It went on to say that,

“it is not clear to us at what mischief this clause is aimed”,

a point made with regard to the previous group of amendments. The committee goes on to say:

“The Government has not produced evidence of abusive interventions or cases in which an intervention has significantly and unjustifiably increased the costs of the case for other parties”.

In contrast, the briefings that we have received include numerous examples where interventions have assisted the courts, as recognised by the senior judiciary; this point has already been made by a number of noble Lords. A number of us here attended an oral briefing recently, and I was struck by the presentation made by a representative from Just For Kids Law. It is very clear that the new rules can prevent it playing this role, thereby depriving the courts of very important specialist information about children in criminal law.
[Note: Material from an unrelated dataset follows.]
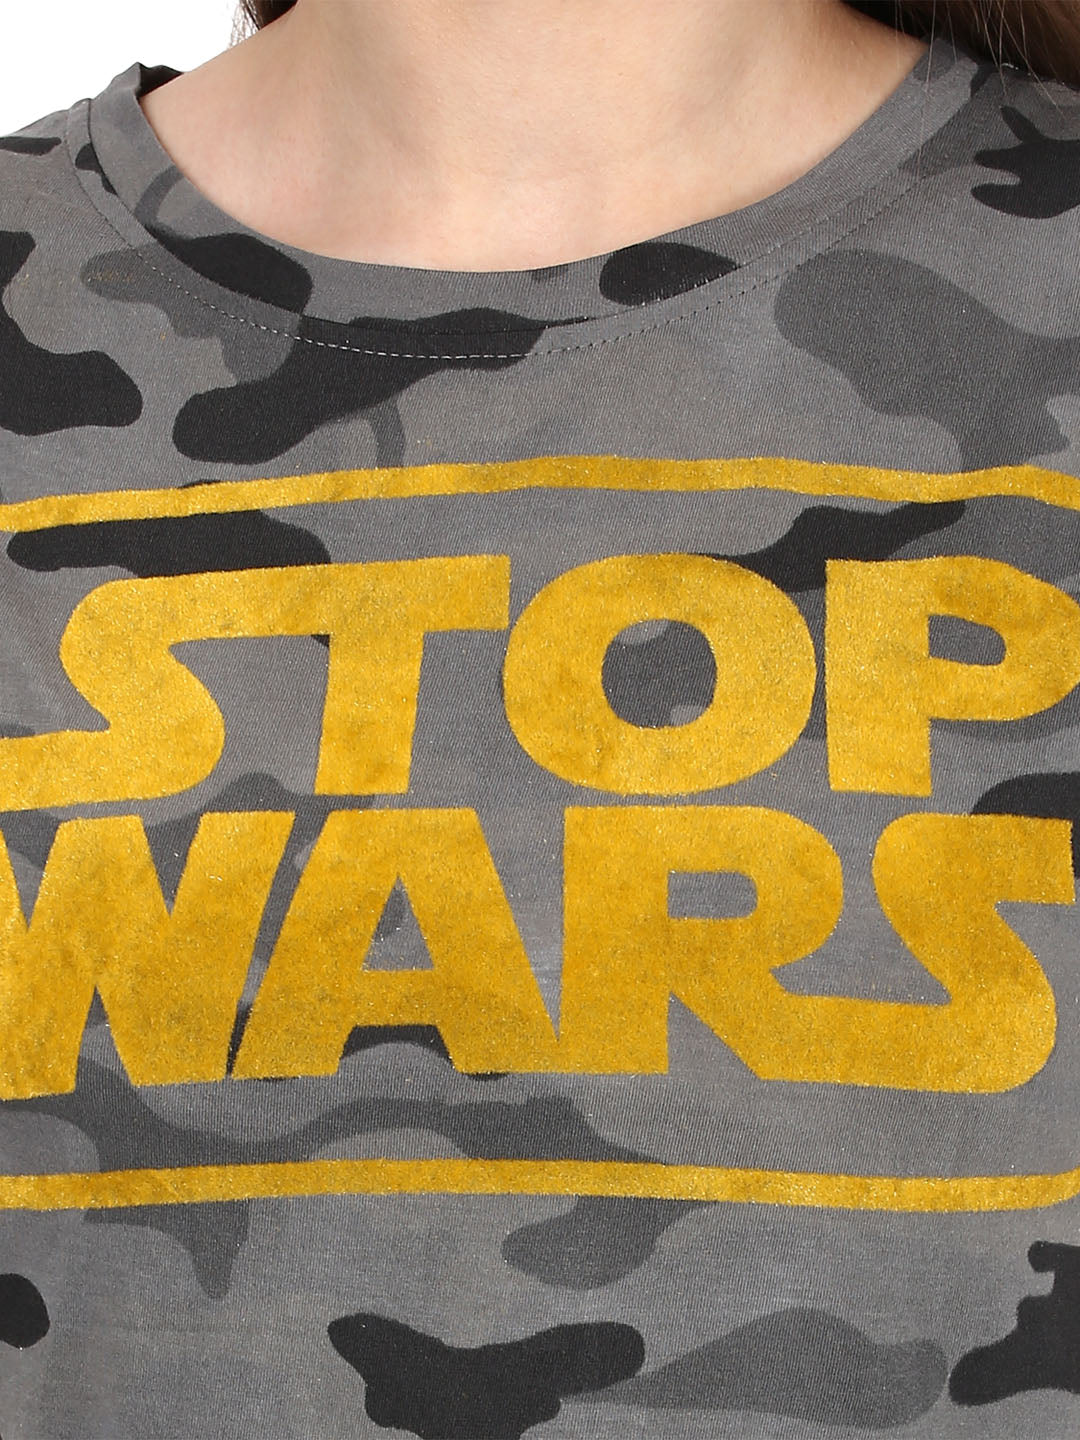 STOP-WAR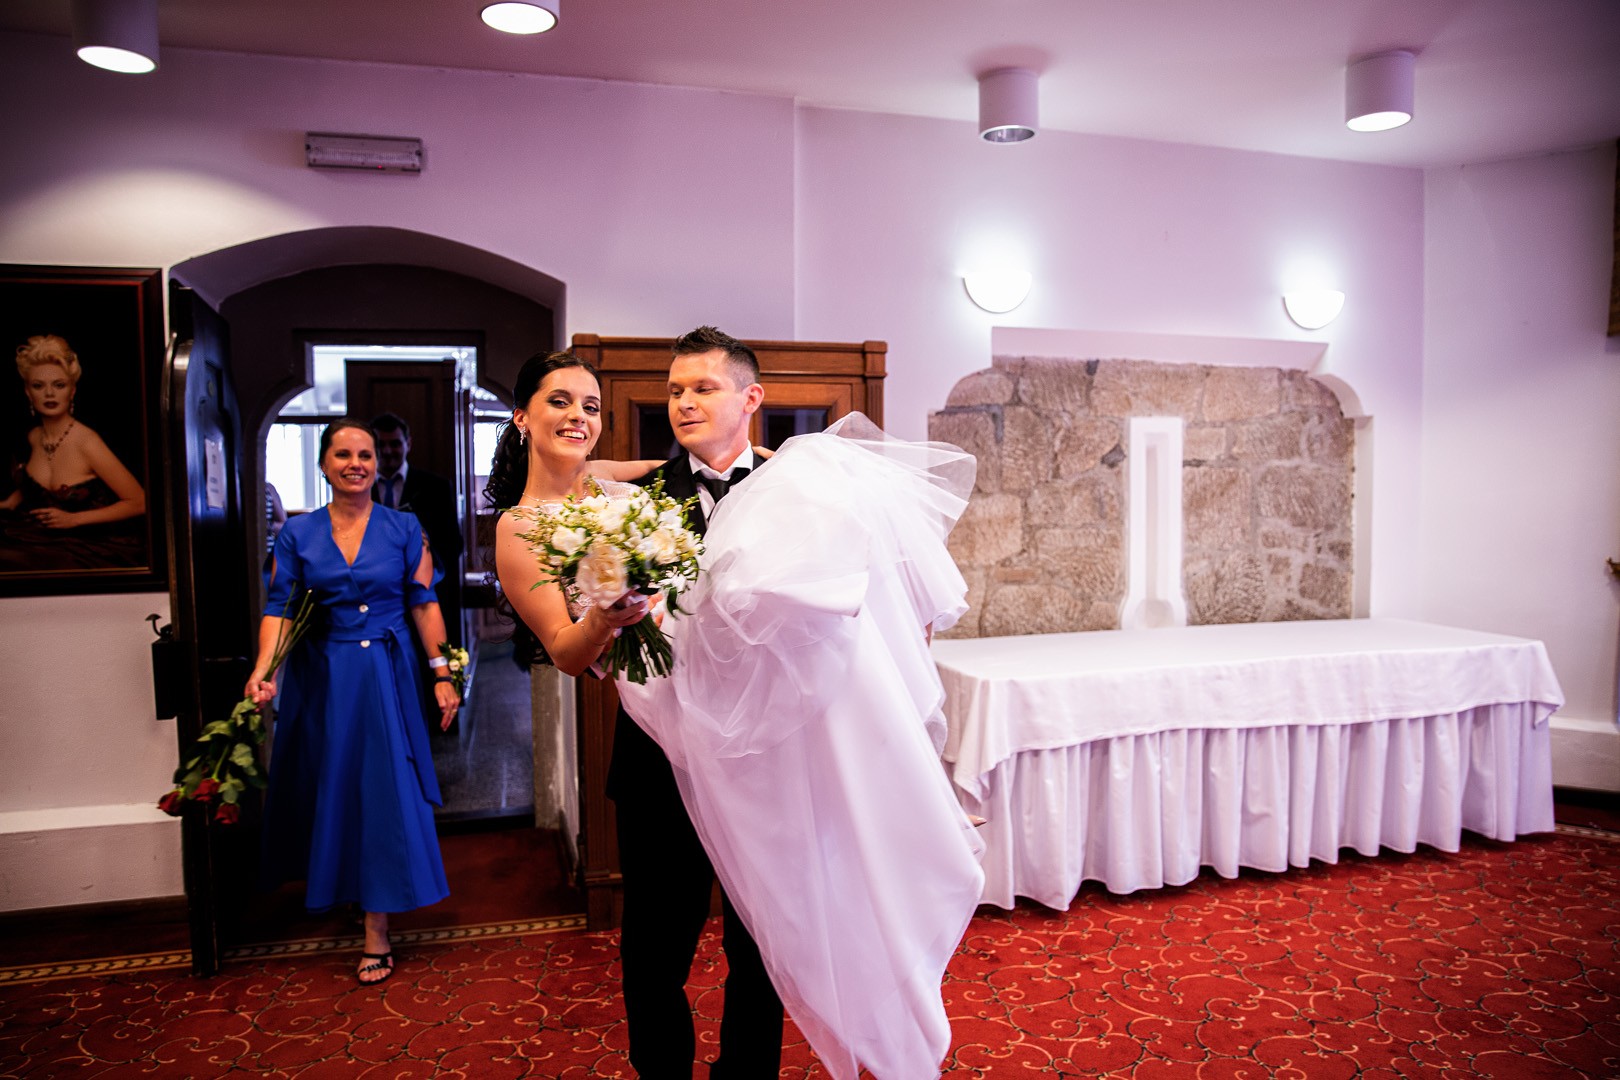 Picturesque dream wedding of Kloudy & Michal in Hluboká nad Vltavou. - 0261.jpg

The organisation Justice regrets that the Government have made no attempt to assess the public interest of interventions. They have given no indication of the practical implications. Perhaps noble Lords will permit me to read a series of questions that Justice has asked, because I believe that they deserve an answer. It says:

“While cases of obvious time wasting by third party interveners are easily addressed under the rules currently in place, how will the court be able to determine whether additional costs are in fact attributable to an intervention? If an intervener acts within the bounds of his permission to intervene, with written and oral submissions made only as directed by the court, will they avoid costs? On the language of ‘exceptional circumstances’ proposed in the Bill, it would appear not. If an intervener provides clear, concise reasoning which clarifies the issues and saves everybody time, will saved costs be deducted from those otherwise payable by the intervener? The allocation of costs referable to an intervention is unlikely to be straightforward”.

I have already quoted from the joint briefing, in which civil society groups warn that there is a real risk that the court will lose the ability to hear from that part of civil society that represents the poor, the weak and the excluded, and to bring specialist expertise to bear. This clause will further tilt access to justice in favour of those with power and resources, who will be able to bear the costs, and against those without power and resources, who will not be able to bear the costs. This is in the context of legal aid cuts, which are already tilting this balance beyond what can possibly be deemed to be just.